Re: NTFS drive capacity/utilization percentage?

From: Al Dykes (adykes_at_panix.com)
Date: 06/18/04


Date: 18 Jun 2004 08:50:46 -0400

In article <69BFD014-2B81-4BF0-81D0-1115E5366098@microsoft.com>,
=?Utf-8?B?QmVhbmJhZw==?= <Beanbag@discussions.microsoft.com> wrote:
>"usenetacct@lycos.com" wrote:
>
>> sure, we need to keep files created by jobs online for several months
>> & that may be going to a year. This is currently 120,000 new files
>> per day & could go up dramatically very soon with a new client. Size
>> of them ranges from 4MB to 1KB, mostly on the smaller end (<50KB). We
>> constantly delete files to make room for new ones, so each day we're
>> deleting anywhere from 120,000 to 500,000 of these files while adding
>> those I mention above. They're stored in a directory structure based
>> on the
>> year-month-day-hour-minute-job#. When I say millions of files, I am
>> being literal. Tens of millions, to be accurate.
>>
>> We also have a single directory that contains the original files the
>> work is based on, & we have a weeks' worth of data in that, which is
>> ~150,000 files in that single directory. We delete old data from here
>> every day to make room for the new also. This system runs 24/7 and we
>> cannot take it down to defragment, run chkdsk, or anything else. If
>> we have disk corruption, we have to format & restore from tape,
>> because the sheer number of files means running chkdsk takes many days
>> to run.
>>
>> At the moment, we can store 3 months of data in on an 880GB array only
>> if we literally let the system run constantly at extremely high
>> utilization rates. We may need to expand it to allow a years worth.
>> At current volumes, that would mean a single 4 terabyte volume. If we
>> continue growing at current rates (very fast), 4 terabytes is only the
>> beginning.
>>
>> thanks
>>
>

>Is there a special reason why you store all data on a single volume?
>Otherwise I would advise to divide your data up and store it on
>several smaller volumes. This probably minimizes the effect of data
>corruption on your work and should give you the ability to do a fsck
>rather than recover the data from tape. It will also increase your
>overall file system performance and conforms to the Microsoft
>performance tuning guidelines.

>There are defragmentation tools available that do a much more
>sophisticated job than the built-in defrag. You can do online
>defragmentation or defragment with less than 15% free space on your
>volume, schedule jobs and much more. Try OO Defrag
>(www.oo-software.com) for example.

>When you fill your volumes up to 99% this will result in MFT
fragmentation in addition to file fragmentation which slows down the
file system, particularly with such a large amount of files. See MS
KB article 174619 for details.

> I would not recommend to use compression. This will probably not
>result in a faster file system, rather in a slower one.

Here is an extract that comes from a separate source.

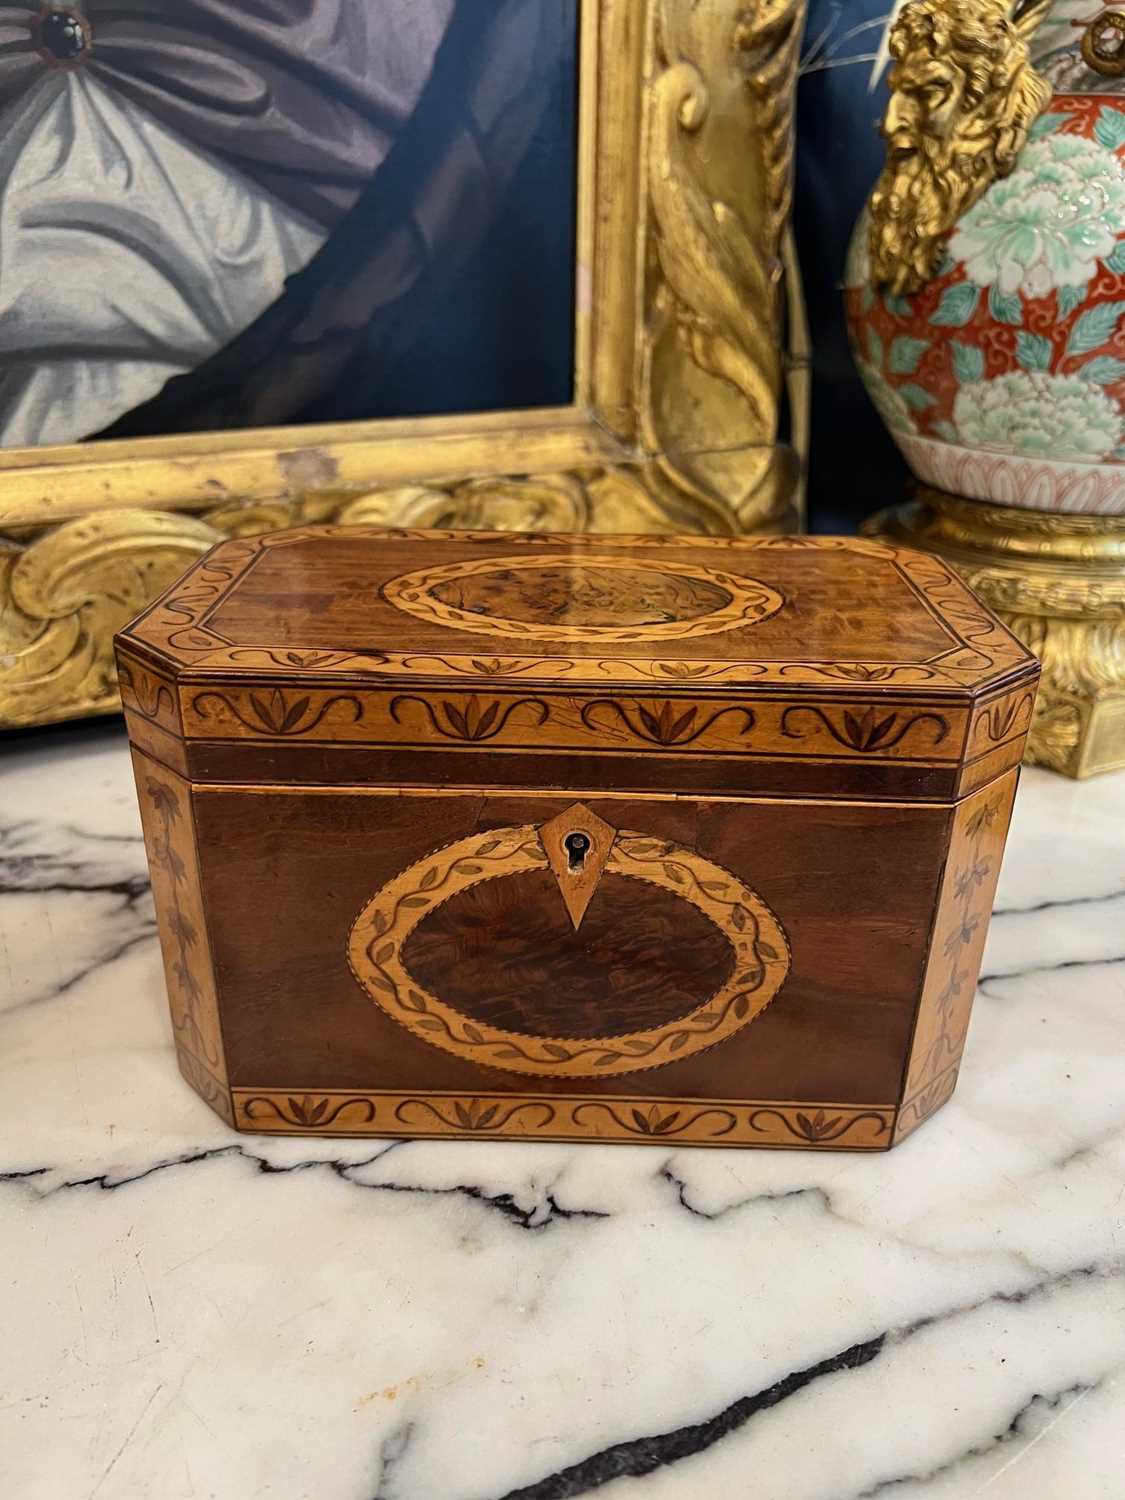 A FINE LATE 18TH / EARLY 19TH CENTURY INLAID SATINWOOD TEA CADDY - Image 7 of 7

>When you use Windows Server 2003 you can tune the file system via
>several registry parameters, you can disable the update of the Last
>Access Time attribute or the generation of short names in the 8.3
>naming convention. I don't know if these parameters are available
>under Windows 2000. Check the Windows Server 2003 Performance Tuning
>Guidelines for details. Cheers Frank

Since your post a week or so ago, A couple of things have occurred to
me; (this is based on my reading of your problem description, I may
have things wrong.)

- You are running much too close to the hairy edge and making lots of
  pain for yourself. multi-TB-scale storage arrays are getting amazingly
  cheap. If you boss doesn't approve basic expenses like idks space
  you've got other problems. You (or he) is putting your business at risk.

- I believe your CPU and IO is being sucked up by the number of files
  in your folders. Your performance may greatly improve if you modify
  your application to use the first character of your file name as a
  subfolder name (ie file abcdef.txt gets stored in
  ./a/bcdef.txt). (36 subfolders). If your application is going to
  scale up, you might use the first 2 characters (1296 folders).

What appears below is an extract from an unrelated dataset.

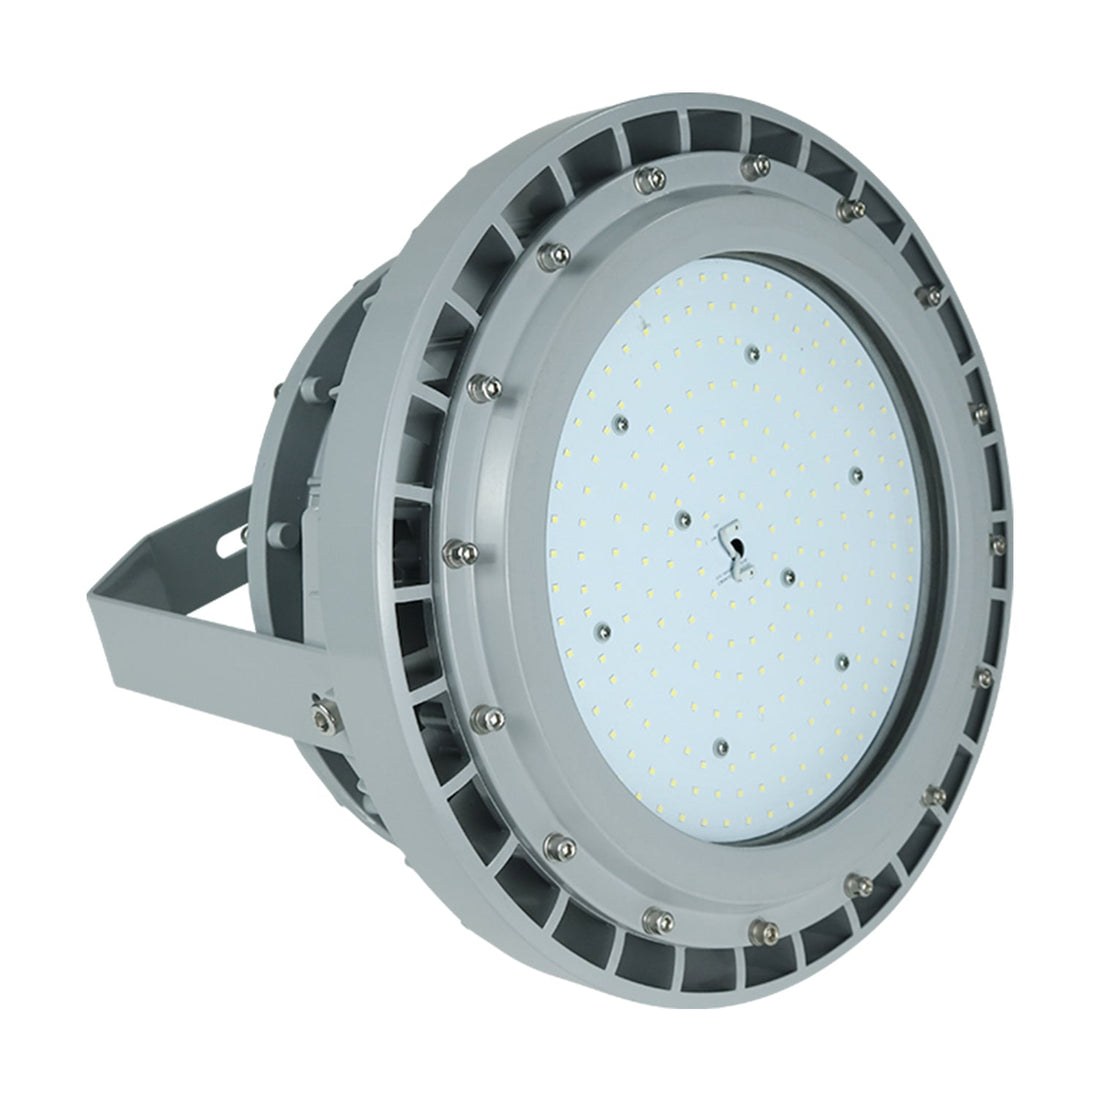 LED Explosion Proof Round High Bay Light - 250W - 5000K, 32500LM, AC100-277V, IP66, Non Dimmable, Hazardous Location Lighting Fixtures

  You can easily test this hypothisis on a PC with a big disk; write a
  script that creates folders and 100,000 files with your naming
  convention, but one byte size. Do a DIR command, try defrag, etc.
  You may be suprised.

- It's possible that a well-designed Oracle or Sybase database could
  handle your data much better than NTFS files and folders can, but
  that kind of advice doesn't come for free.

- Contact Dell/EMC. Talk to a salesman about a configuration and quote
  for a NAS/SAN storage box. If they decide you are serious you will
  be able to ask their engineers about how well their file systems
  will behave with your data. If you can get them to tell you how much
  better their product is than NTFS you will learn lots about the
  shortcommings of NTFS, if any.) There are other NAS/SAN vendors, and
  you can see lots of parts pricing at http://www.aberdeeninc.com/

I still think that using NTFS compression for your file systems will
be a big win, but you've got to solve fundamental problems, first.
IMHO it's the number of files in your folders.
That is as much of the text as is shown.